立憲民主党

世田谷区議会議員 中村コータロー 「これ以上、区民を欺く政治はいらない。」

アーカイブ情報

予算審議を終えて② 2013-03-27 08:52

続いて、みんなの党行革110番の組み替え動議について。

内容は、区立小学校5年生で実施されている川場移動教室は当該地が高い放射線が検知された場所であることから、別の場所で実施すべきであるとの従来の主張に基づいてその予算を一旦予備費に組み込むべき、というものです。

移動教室自体は安全な場所で行うべき大事な行事であるから予算削減とするわけでなく、予備費に移して柔軟性を持たせ、安全な場所の決定がされ次第に教育委員会予算に戻して実施するための処置、との主張でした。

この移動教室問題は3.11以降、とてもHOTに区議会で取り上げられてきた話題です。

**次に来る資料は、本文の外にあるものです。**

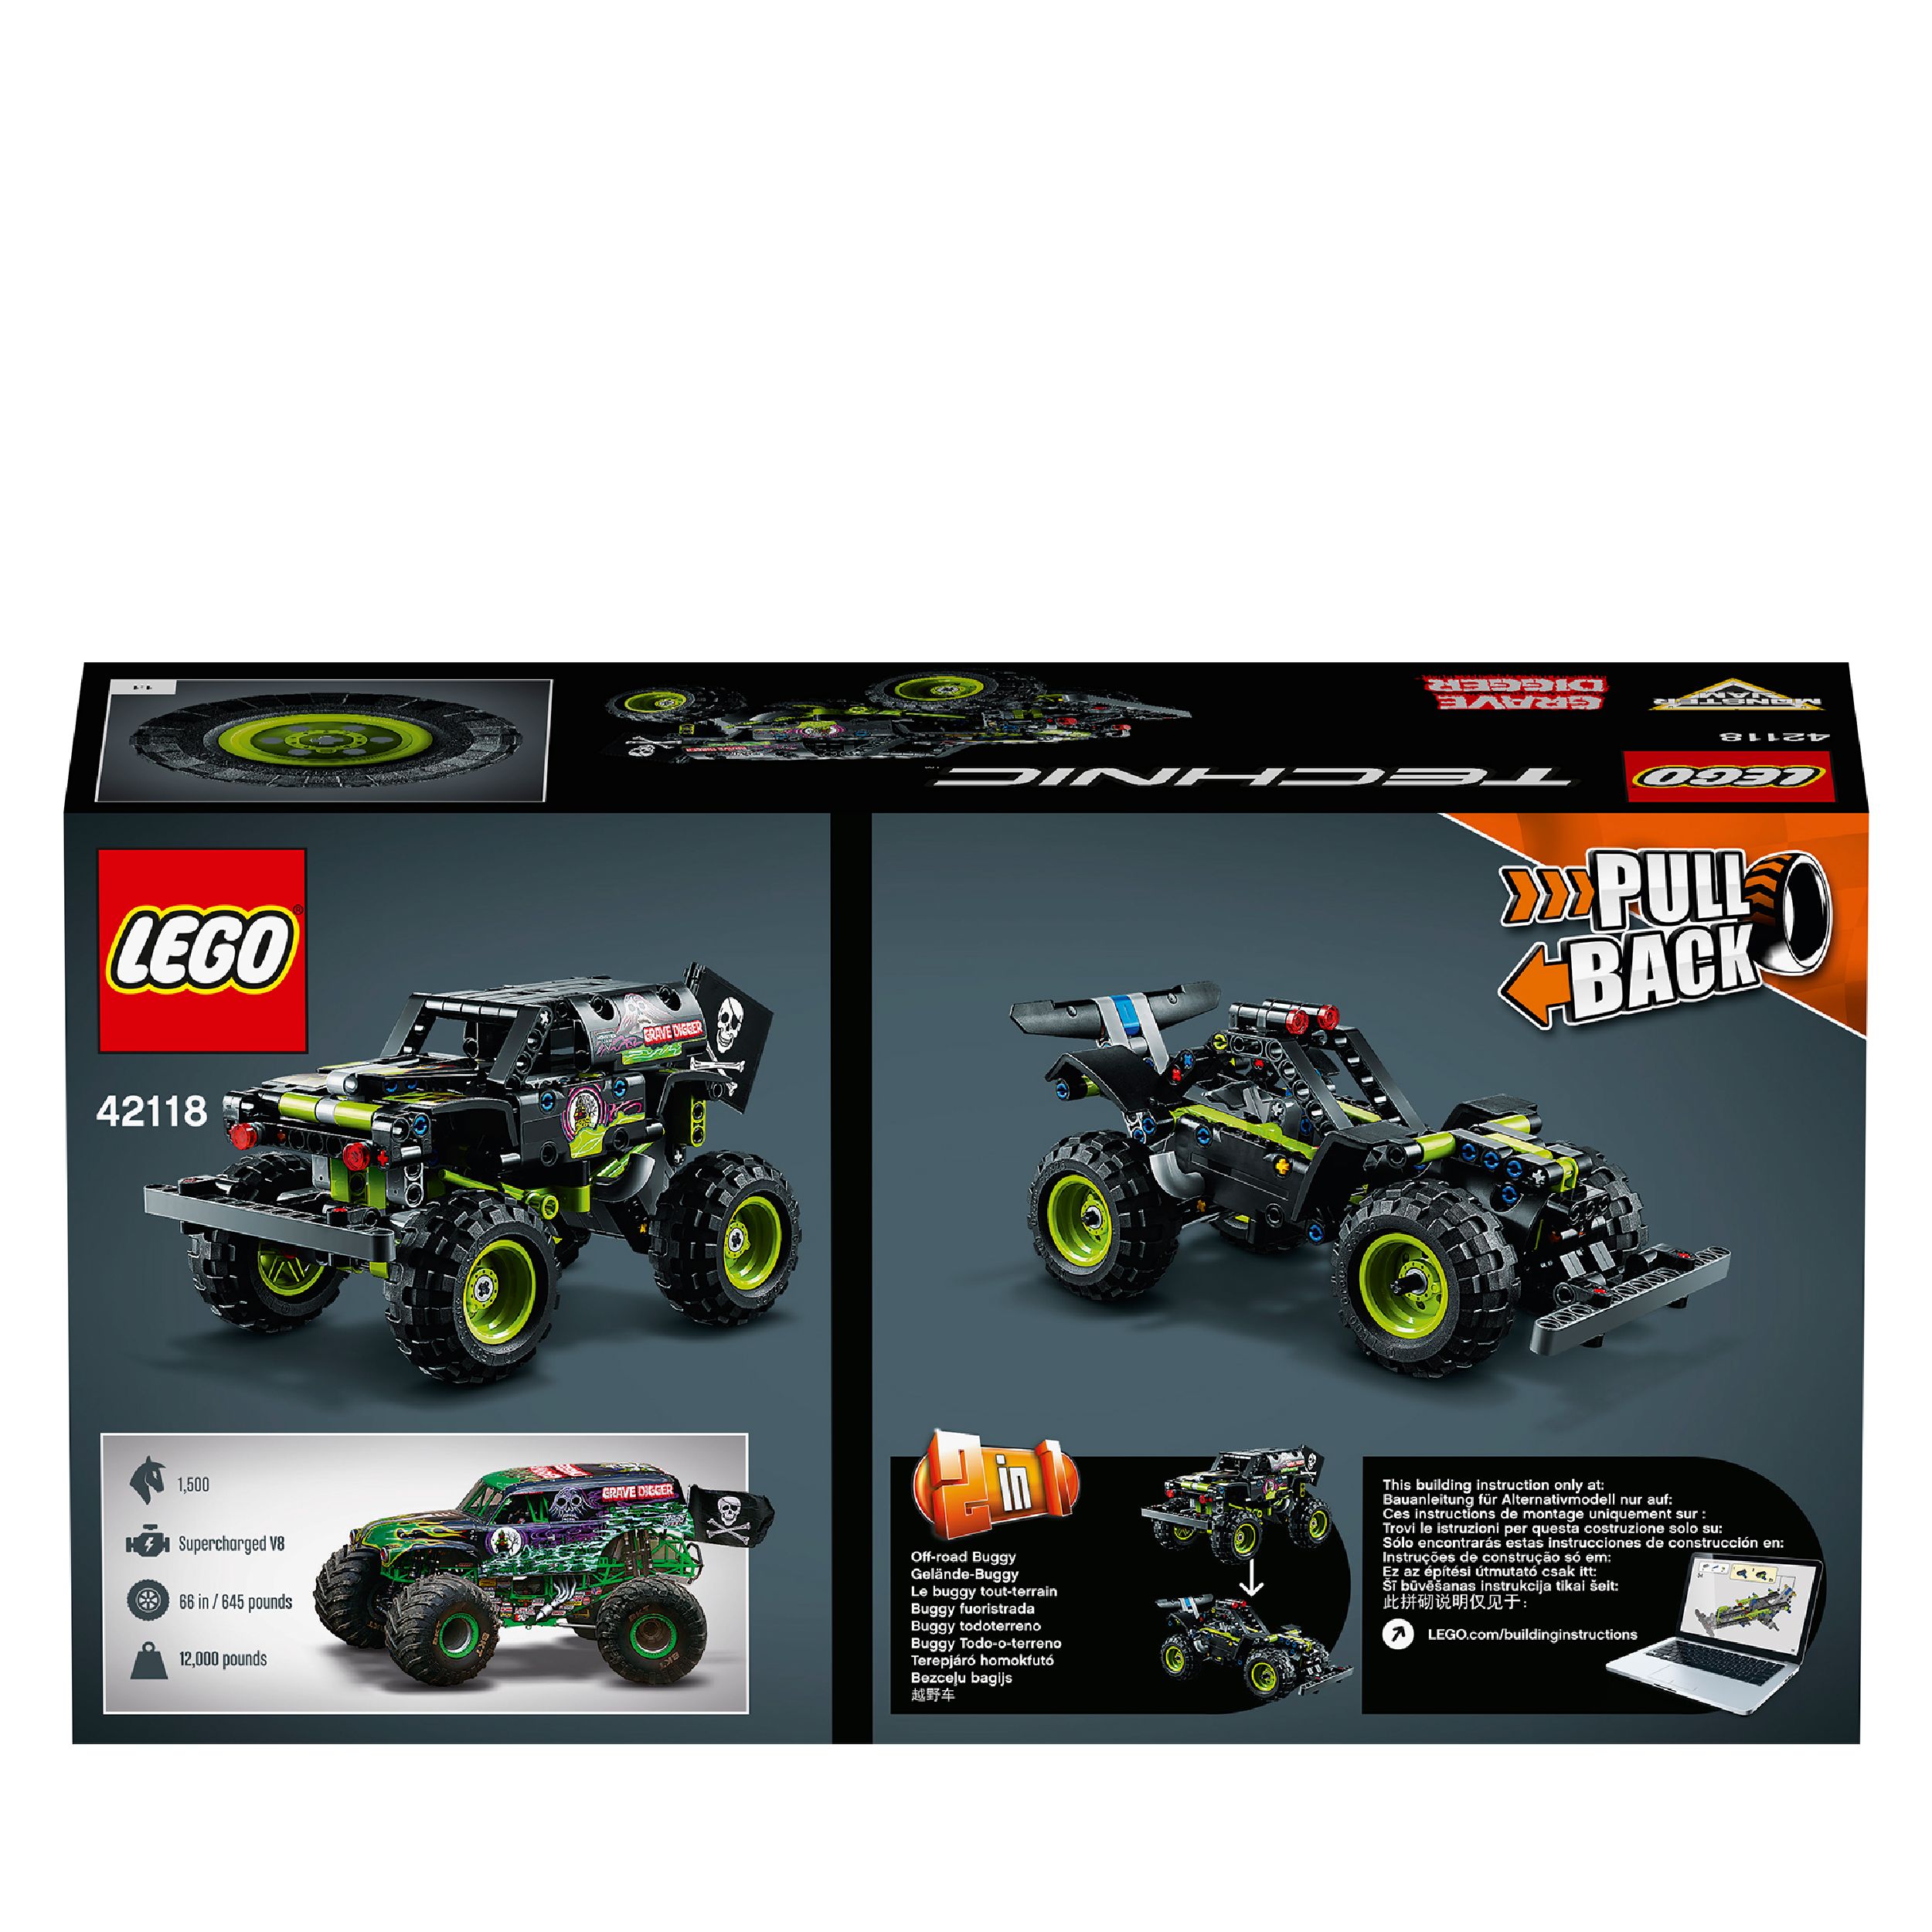 Lego technic 42118 monster jam grave digger, kit 2 in 1 da truck a buggy fuoristrada con azione pull-back, giochi per bambini - LEGO TECHNIC, Lego

当初はほぼ強制(参加しなければ欠席扱い)だったものが、子どもを送り出すのは危険だという保護者の皆さんの声が大きくなる中で、不参加でも欠席扱いはしないという行政判断が下され、結果としてある小学校では4割もの児童が参加をしなかったという経緯もあり、保護者・児童の不安がまだまだ大きいことが表面化しました。

一方で行政側は欠席扱いにはしないとの判断はしたものの、その行先を変更するということには頑なに抵抗を続けているのが現状です。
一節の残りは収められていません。